### Work to be completed
Lines from the line with "Modern white basin" to the line with "<h2>BKS Bank feiert<strong>" in the entries below, and only those, must be output exactly, with both ends included.

### Records provided
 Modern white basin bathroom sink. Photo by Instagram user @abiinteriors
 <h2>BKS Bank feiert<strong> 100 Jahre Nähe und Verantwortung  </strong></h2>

--

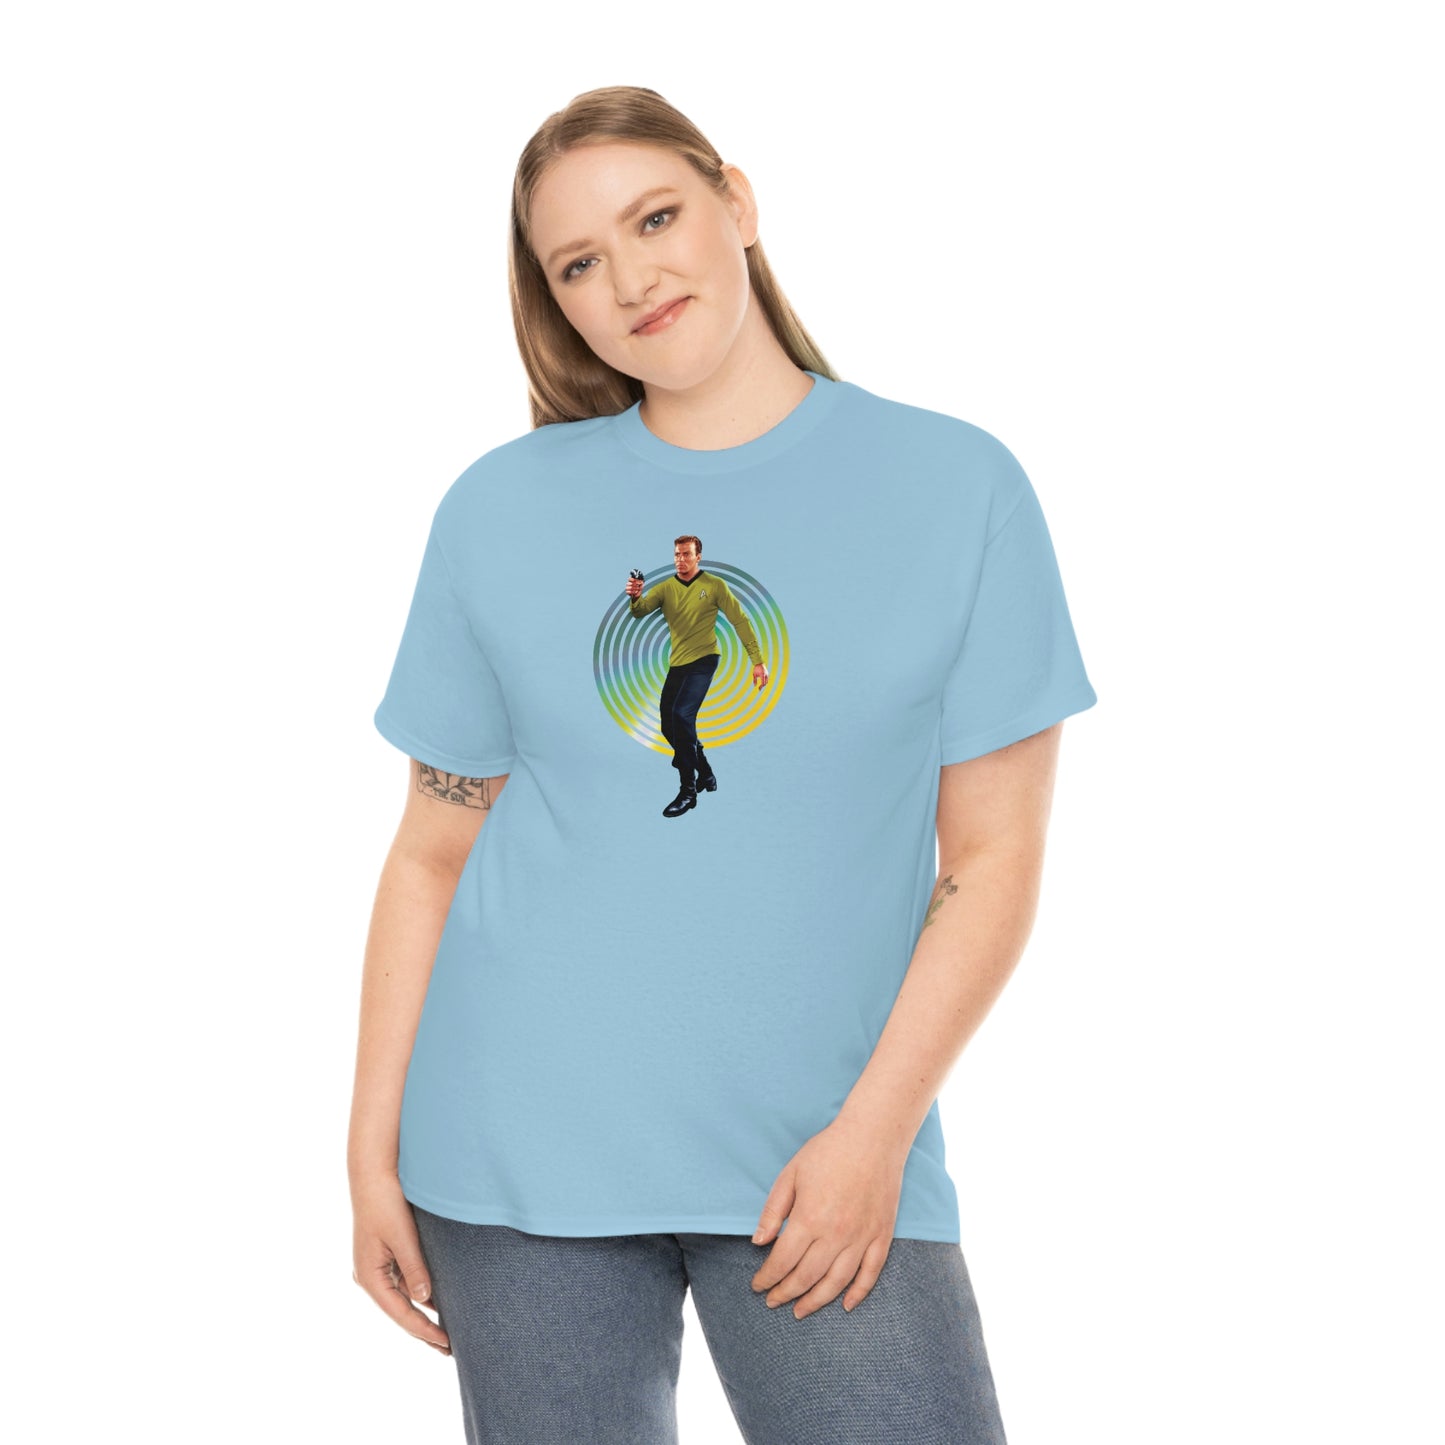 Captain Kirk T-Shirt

---

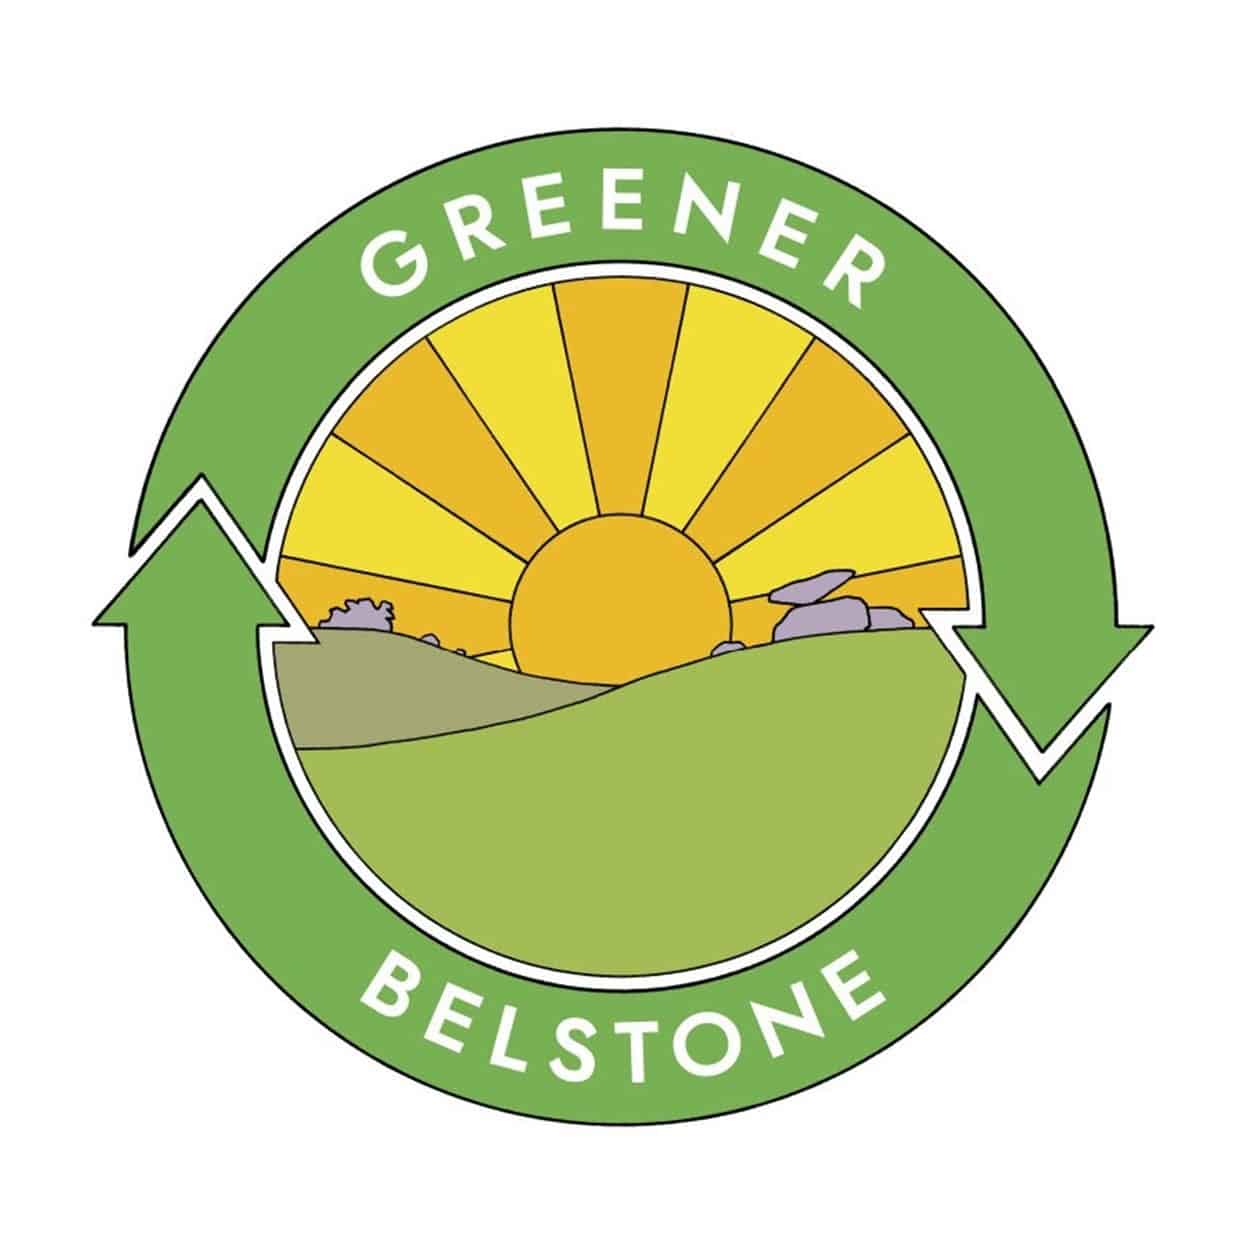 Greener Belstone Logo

### Result below
 Modern white basin bathroom sink. Photo by Instagram user @abiinteriors
 <h2>BKS Bank feiert<strong> 100 Jahre Nähe und Verantwortung  </strong></h2>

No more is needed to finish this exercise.